[PHP] [] an in-depth understanding of the principles of PHP Opcodes By laruence (http://www.laruence.com /)
· Address: http://www.laruence.com/2008/06/18/221.html
Recently, I want to give a lecture to Yahoo colleagues about the internal mechanism of PHP and Apache processing requests. I just wrote some text about Opcodes and I sent it to them, this article is based on Sara Golemon's Understanding OPcode
Opcode is an intermediate language after PHP script compilation. it is like ByteCode of Java or MSL of. NET. for example, you wrote the following PHP code:
echo "Hello World"; $a = 1 + 1; echo $a;
PHP executes the code in the following four steps (it should be the PHP language engine Zend)
1. Scanning (Lexing) converts PHP code into a language snippet (Tokens)
2. Parsing: converts Tokens into a simple and meaningful expression.
3. Compilation: compile the expression into Opocdes
4. Execution: execute Opcodes one by one at a time to implement the PHP script function.
Note: The current Cache, such as APC, enables PHP to Cache Opcodes. in this way, when a request comes, you do not need to repeat the previous three steps, this greatly improves the execution speed of PHP.
So what is Lexing? Those who have learned the compilation principles should have some knowledge about the lexical analysis steps in the compilation principles. Lex is a basis table for lexical analysis. Zend/zend_language_scanner.c will perform lexical analysis on the entered PHP code based on Zend/zend_language_scanner.l (Lex file) to get a "word". PHP4.2 starts to provide a function called token_get_all, this function can introduce a piece of PHP code Scanning into Tokens;
If you use this function to process the PHP code we mentioned at the beginning, the following results will be obtained:
Array( [0] => Array ( [0] => 367 [1] => Array ( [0] => 316 [1] => echo ) [2] => Array ( [0] => 370 [1] => ) [3] => Array ( [0] => 315 [1] => "Hello World" ) [4] => ; [5] => Array ( [0] => 370 [1] => ) [6] => = [7] => Array ( [0] => 370 [1] => ) [8] => Array ( [0] => 305 [1] => 1 ) [9] => Array ( [0] => 370 [1] => ) [10] => + [11] => Array ( [0] => 370 [1] => ) [12] => Array ( [0] => 305 [1] => 1 ) [13] => ; [14] => Array ( [0] => 370 [1] => ) [15] => Array ( [0] => 316 [1] => echo ) [16] => Array ( [0] => 370 [1] => ) [17] => ;)

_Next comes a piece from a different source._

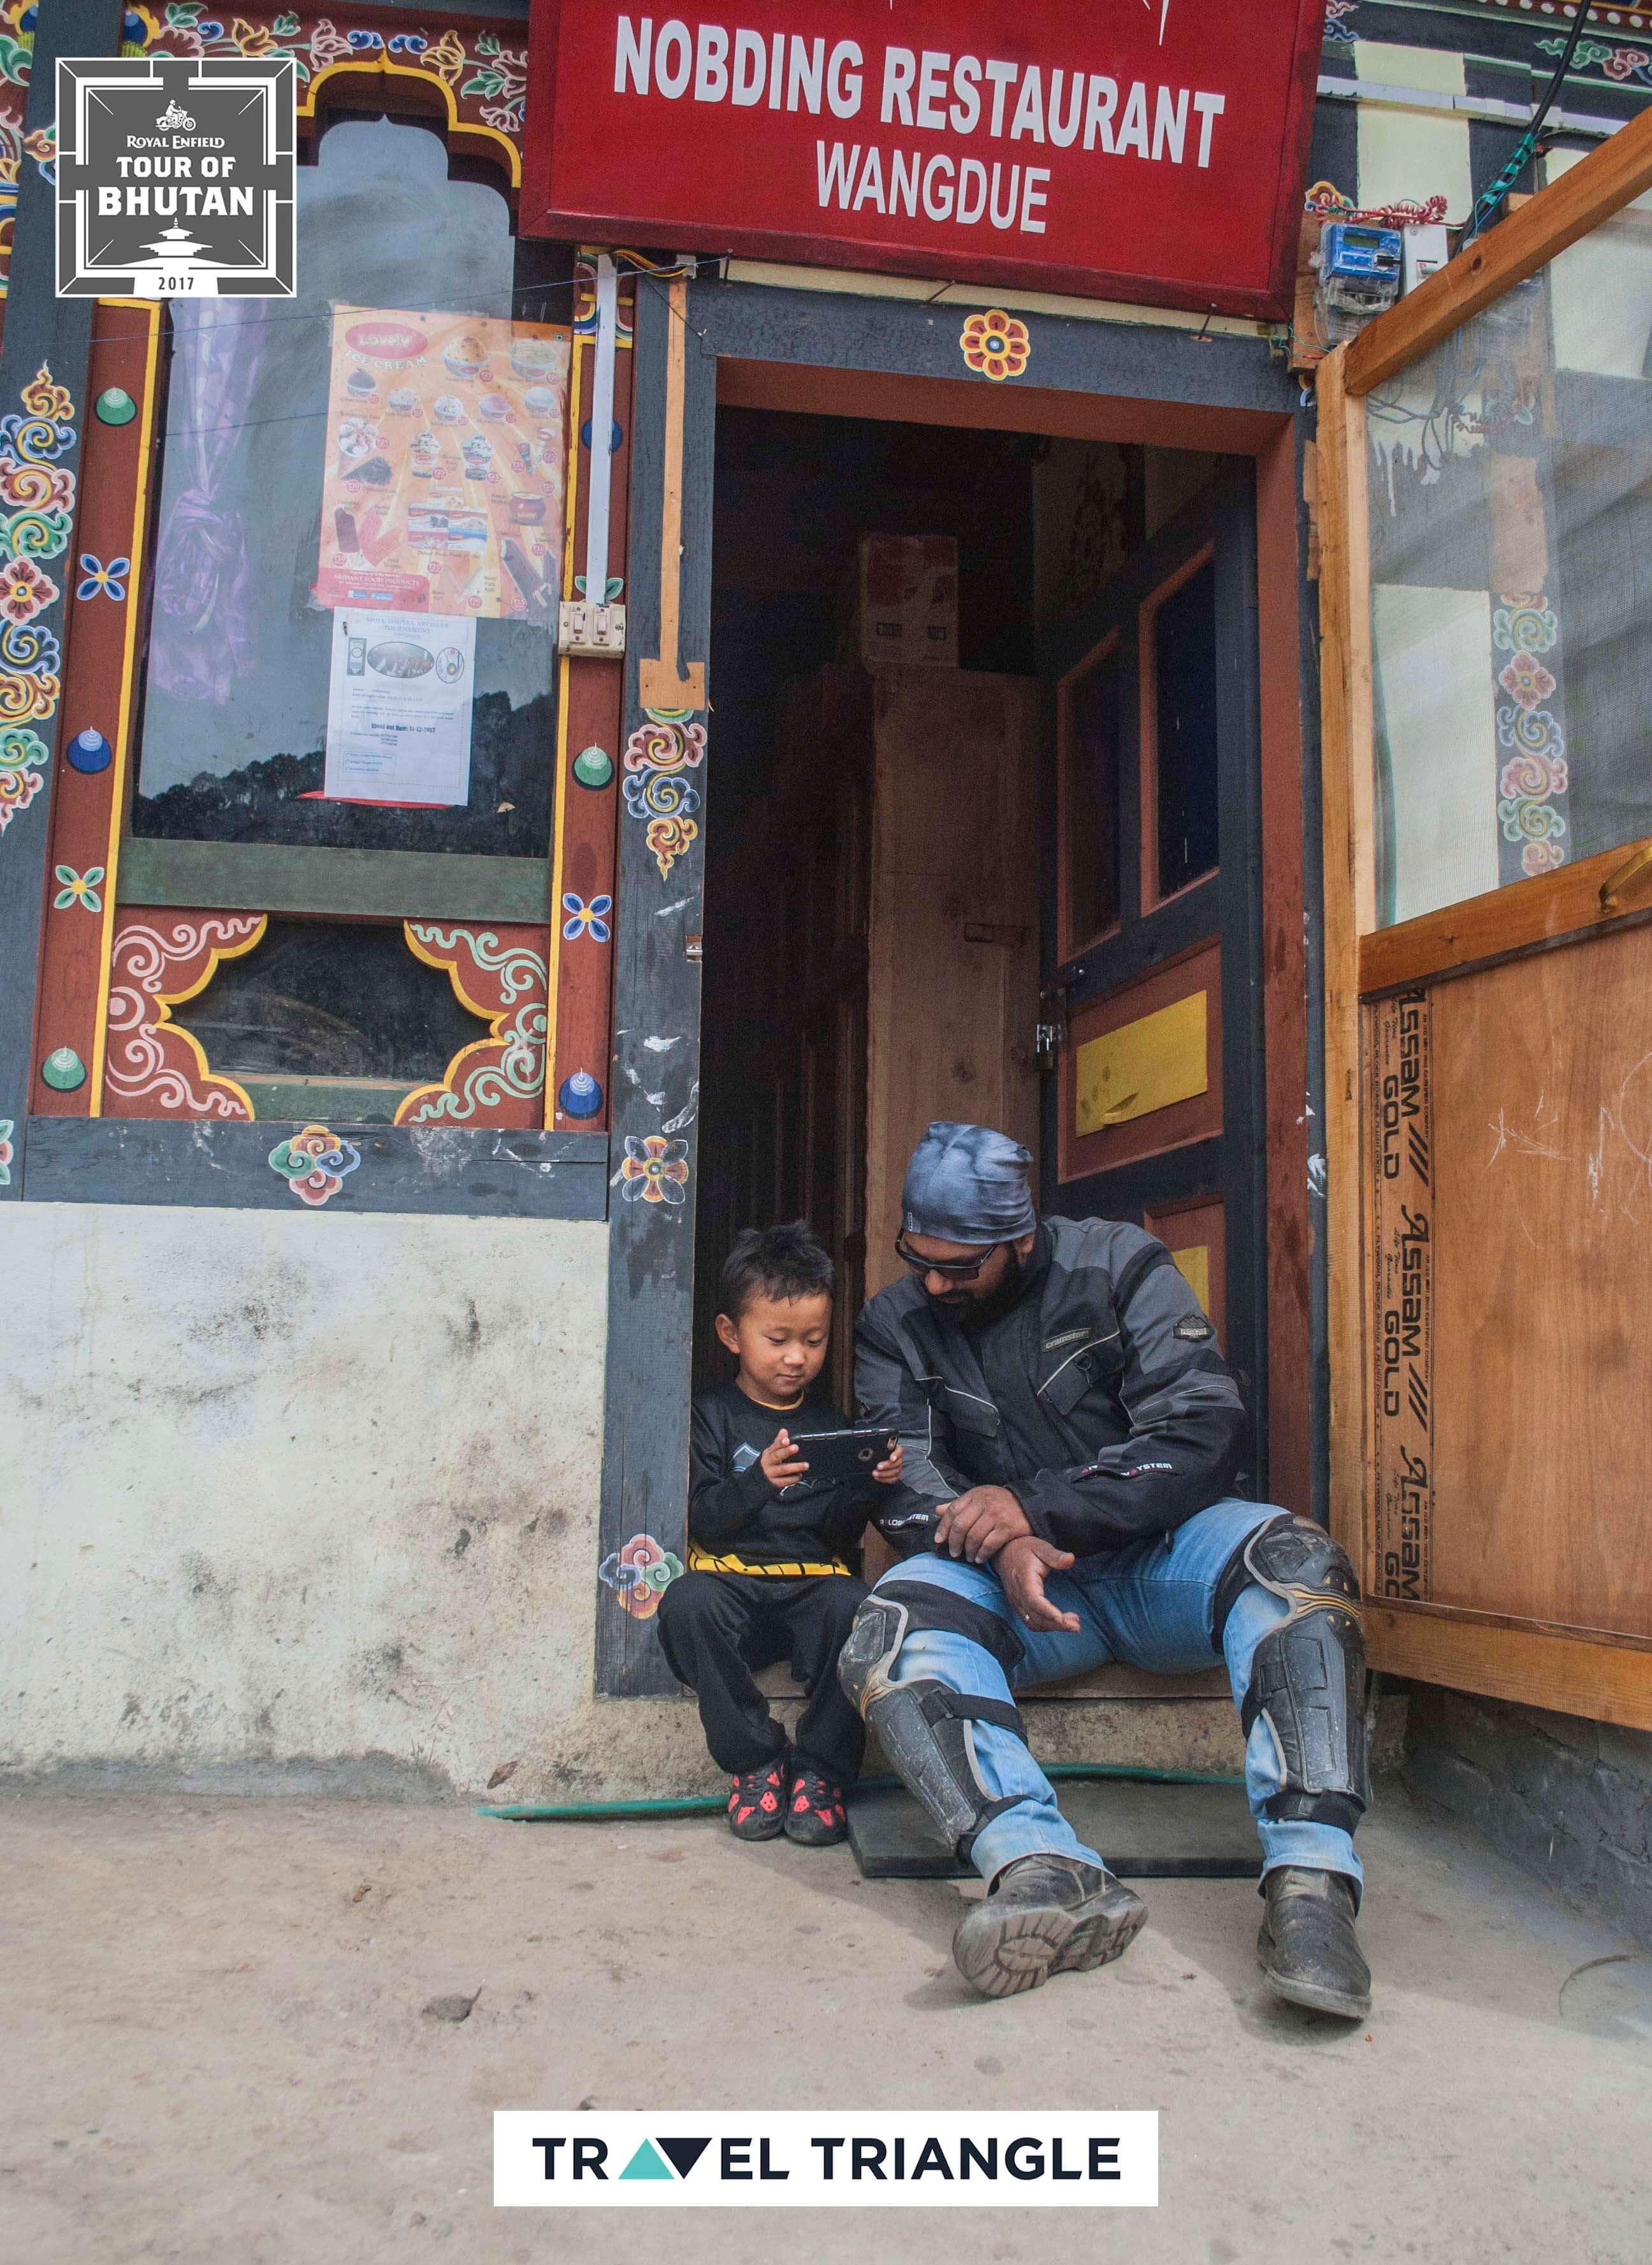 Punakha to Phobjikha: meeting locals at shops

After analyzing the returned results, we can find that all strings, characters, and spaces in the source code are returned as they are. The characters in each source code appear in the corresponding sequence. Other statements, such as tags, operators, and statements, are converted into an Array containing two parts: Token ID (that is, the corresponding code for changing Token within Zend, for example, t_ECHO, T_STRING), and the original content in the source code.
Next, it is the Parsing phase. Parsing first discards more than spaces in the Tokens Array, and then converts the remaining Tokens into a simple expression.
1. echo a constant string
2. add two numbers together
3. store the result of the prior expression to a variable
4. echo a variable
Then the Compilation phase is changed. it will compile Tokens into op_array, and each op_arrayd contains the following five parts:
1. indicates the operation type of each op_array, such as add and echo.
2. store the Opcode results.
3. operands 1 to Opcode
4. operand 2
5. the extended value is an integer to distinguish the overloaded operator.
For example, our PHP code will be Parsing:
ZEND_ECHO 'Hello world' ZEND_ADD ~ 0 1 1 ZEND_ASSIGN! 0 ~ 0 ZEND_ECHO! 0
You may ask, where is our $?
Well, we will introduce the operands. each operand consists of the following two parts:
A) op_type: IS_CONST, IS_TMP_VAR, IS_VAR, IS_UNUSED, or IS_CV
B) u, a consortium, stores the value (const) or left value (var) of this operand with different types according to op_type)
For var, each var is different.
IS_TMP_VAR, as the name suggests, is a temporary variable that stores the results of some op_array for the next op_array. The u of this operand stores a handle (integer) pointing to the variable table ), this type of operand is generally used ~ For example ~ 0 indicates the temporary variable of the variable table No. 0 unknown
IS_VAR is a variable in the general sense. They start with $.
IS_CV indicates a cache mechanism used by the compiler after ZE2.1/PHP5.1. this variable stores the address of the variable referenced by it. when a variable is referenced for the first time, the variable will be used up by the CV, and you do not need to search for the active symbol table again for future reference of this variable. The CV variable starts! .
In this case, our $ a is optimized! 0.